> [YOUR OBJECTIVE]: A faithful transcript of all the lines below, with no pictures, is the goal here.
[MATERIAL PROVIDED]
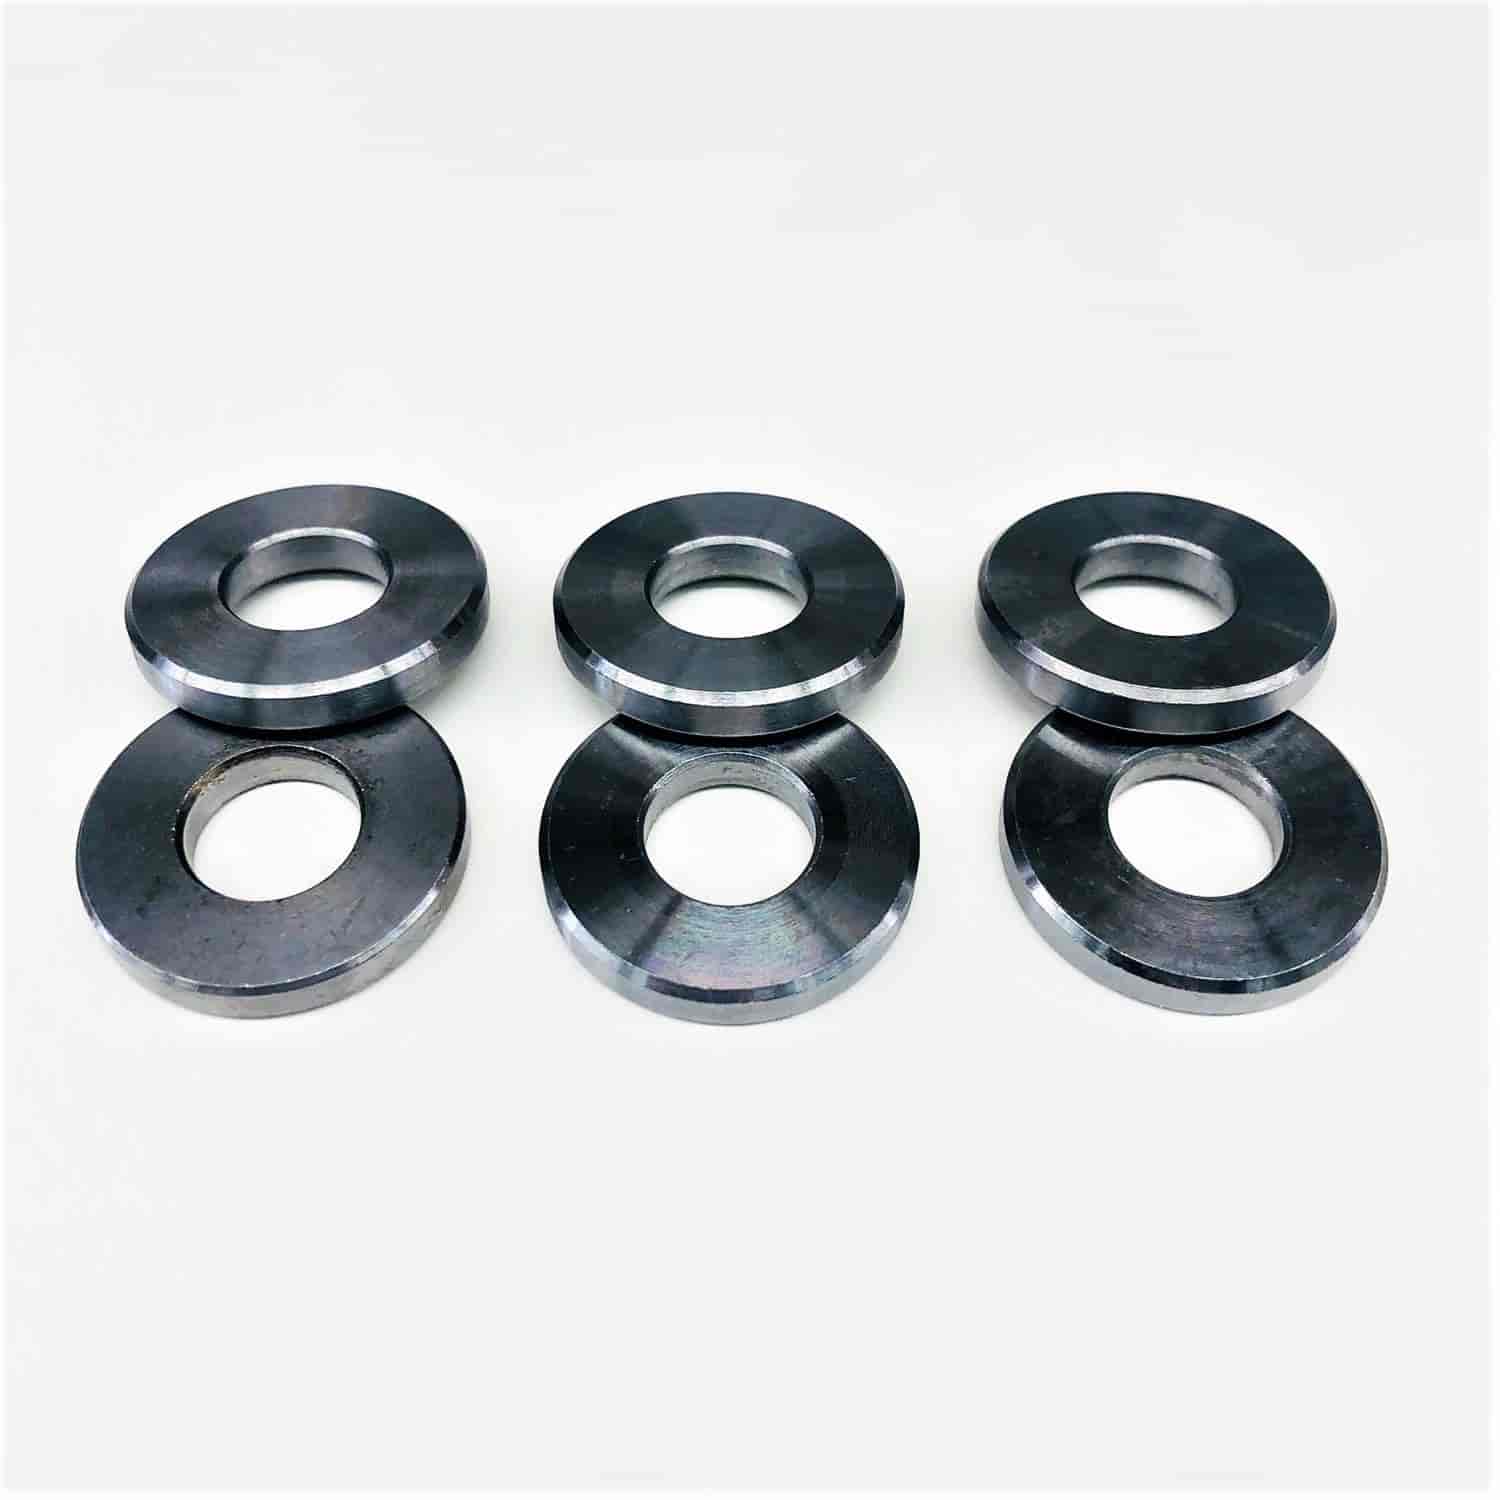 Torque Converter Spacers (Shims) .150 in. Thick
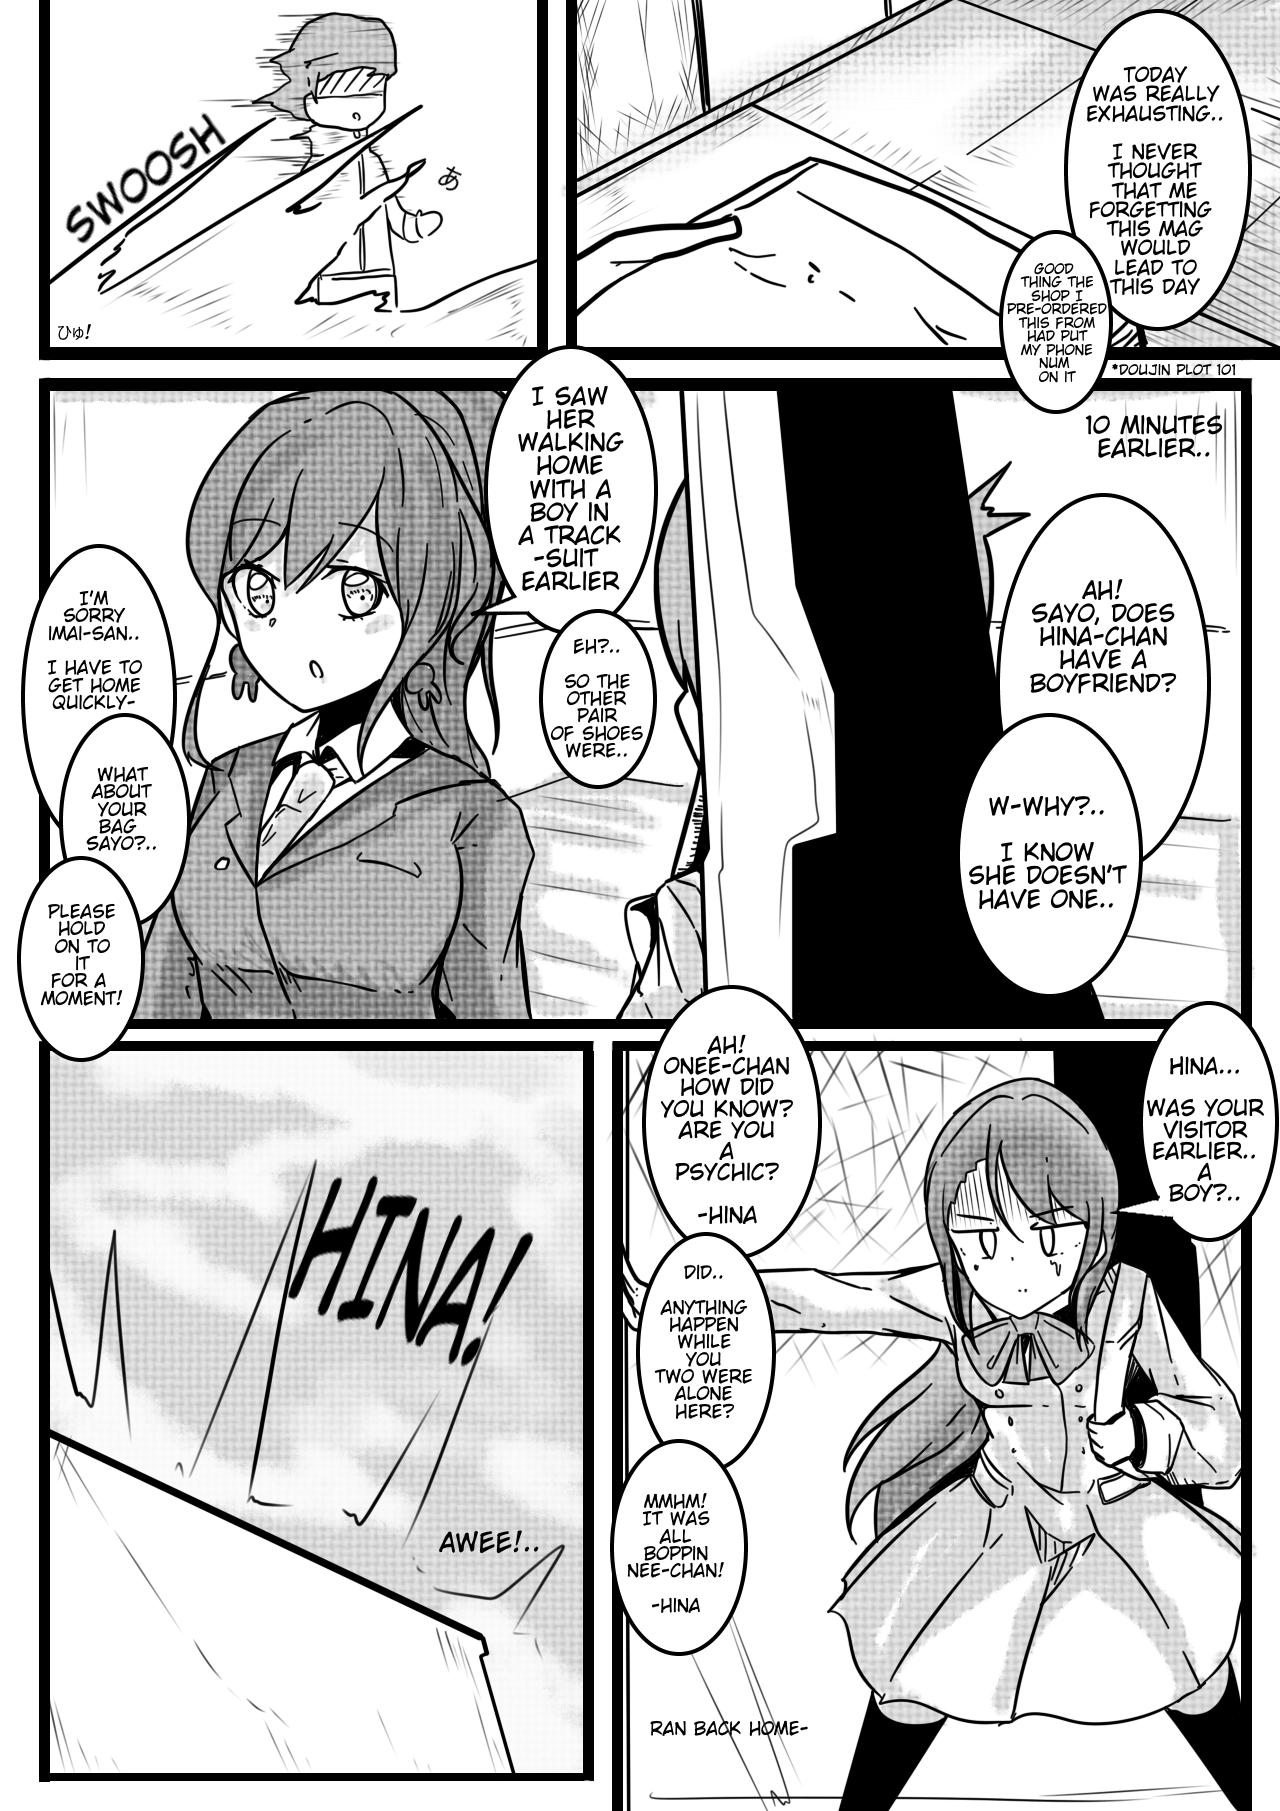 Nasty Minty Surprise - Bang dream Pasivo - Page 22
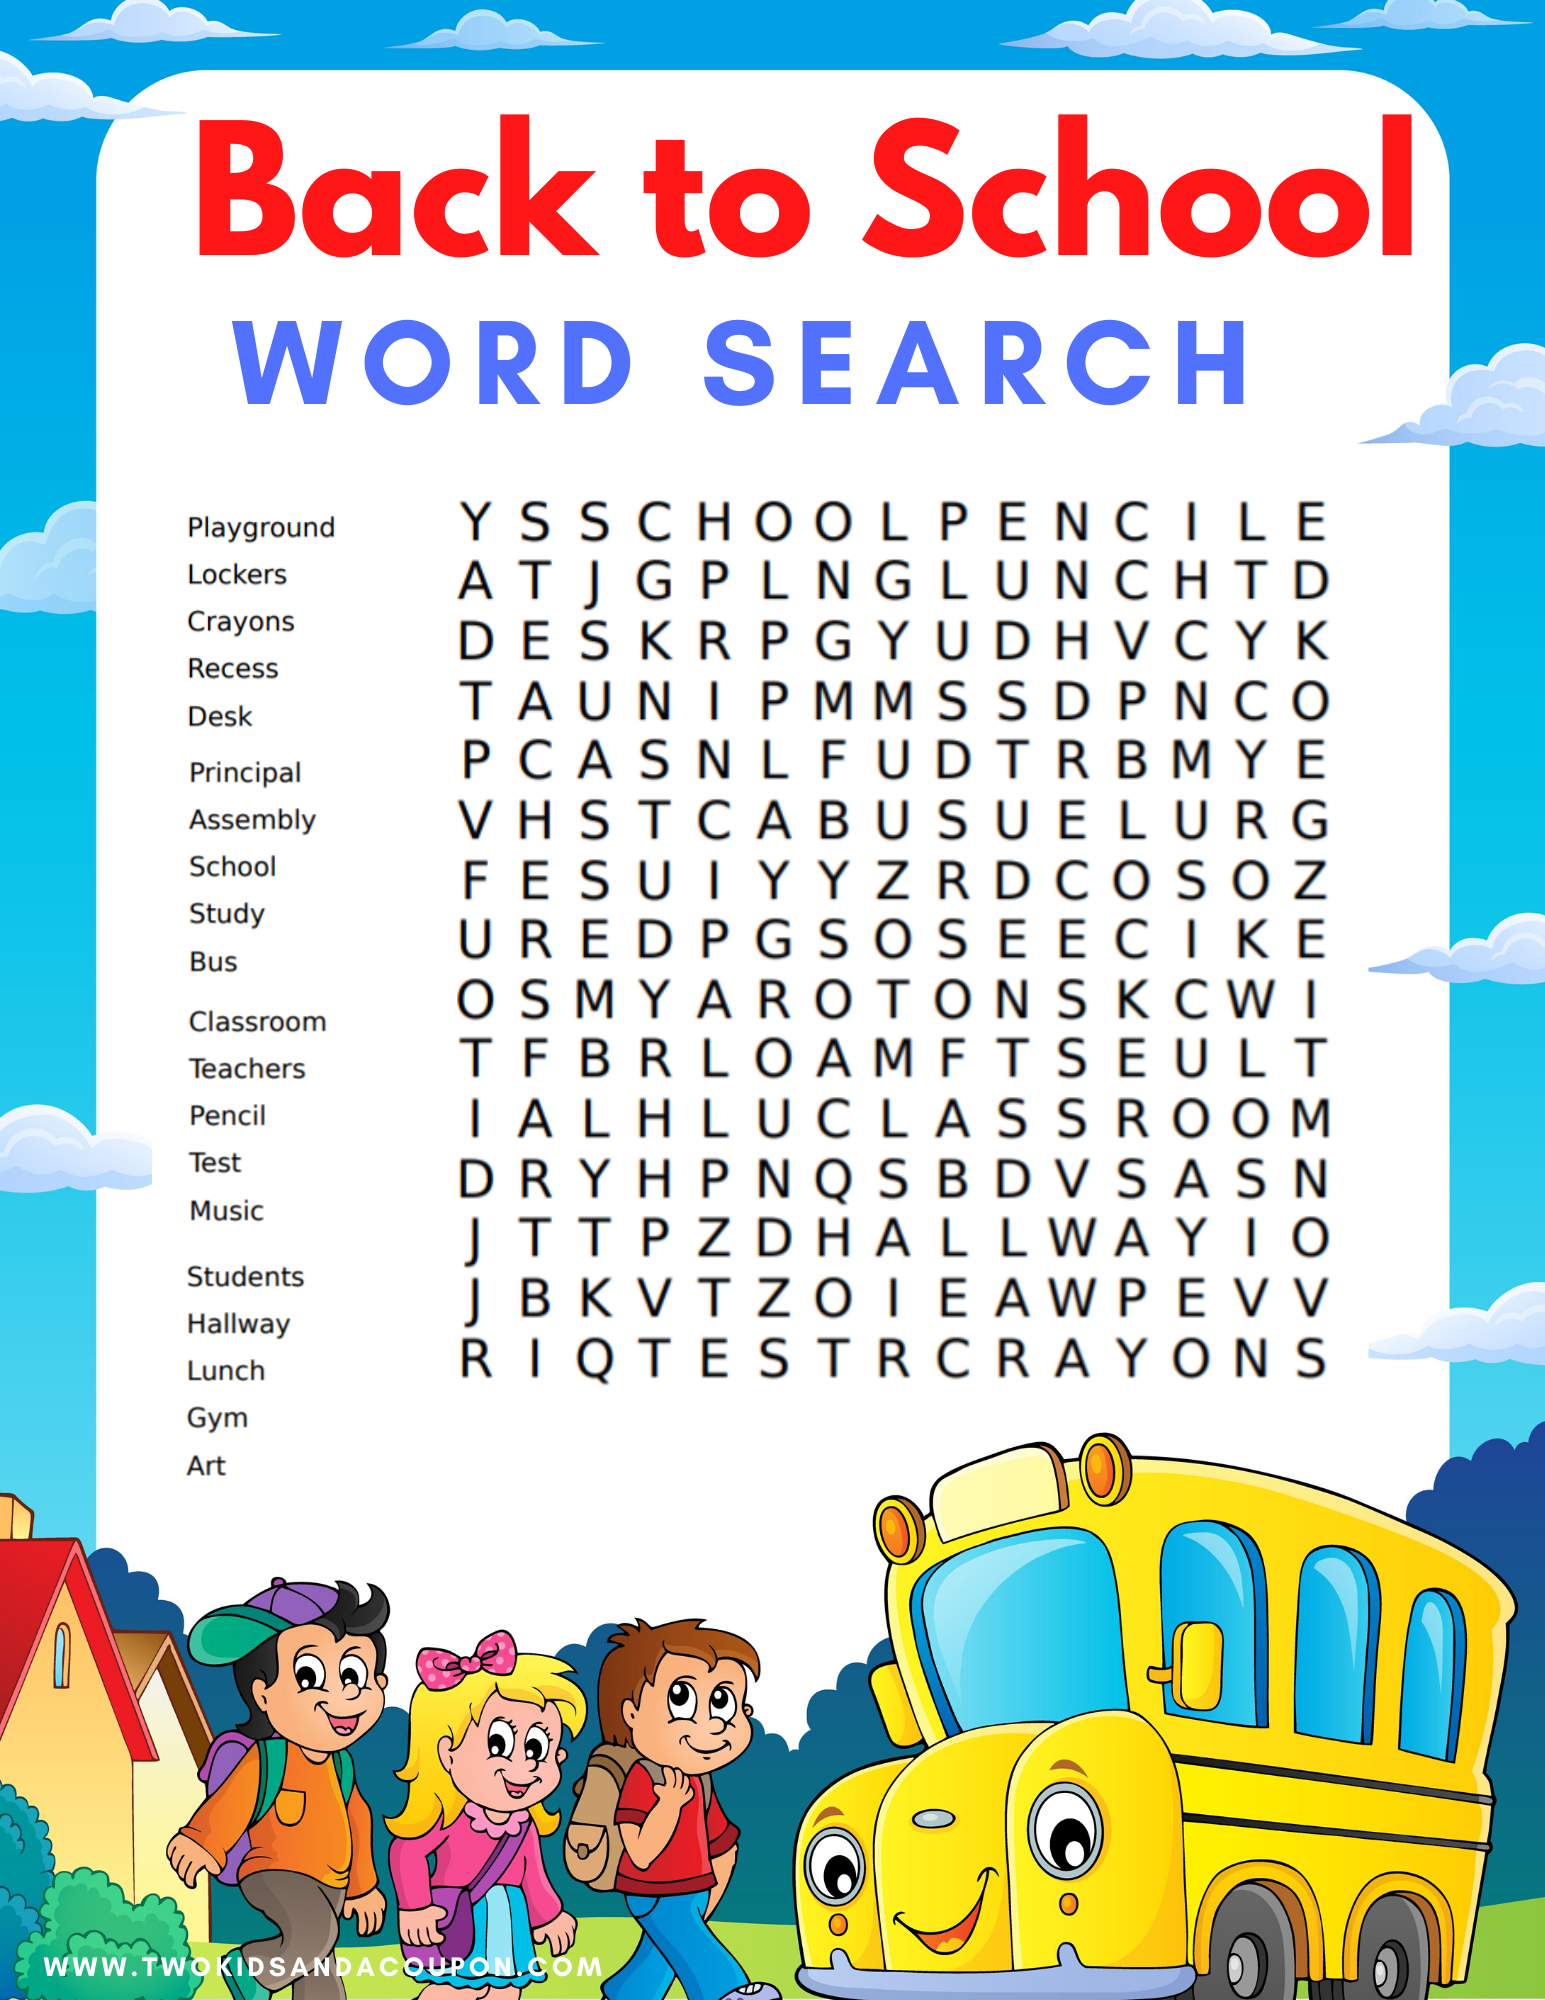 last-day-of-school-word-search-printable-word-search-printable
[/MATERIAL PROVIDED]
> [PROBLEM SOLUTION]:
 Torque Converter Spacers (Shims) .150 in. Thick
 Nasty Minty Surprise - Bang dream Pasivo - Page 22
 last-day-of-school-word-search-printable-word-search-printable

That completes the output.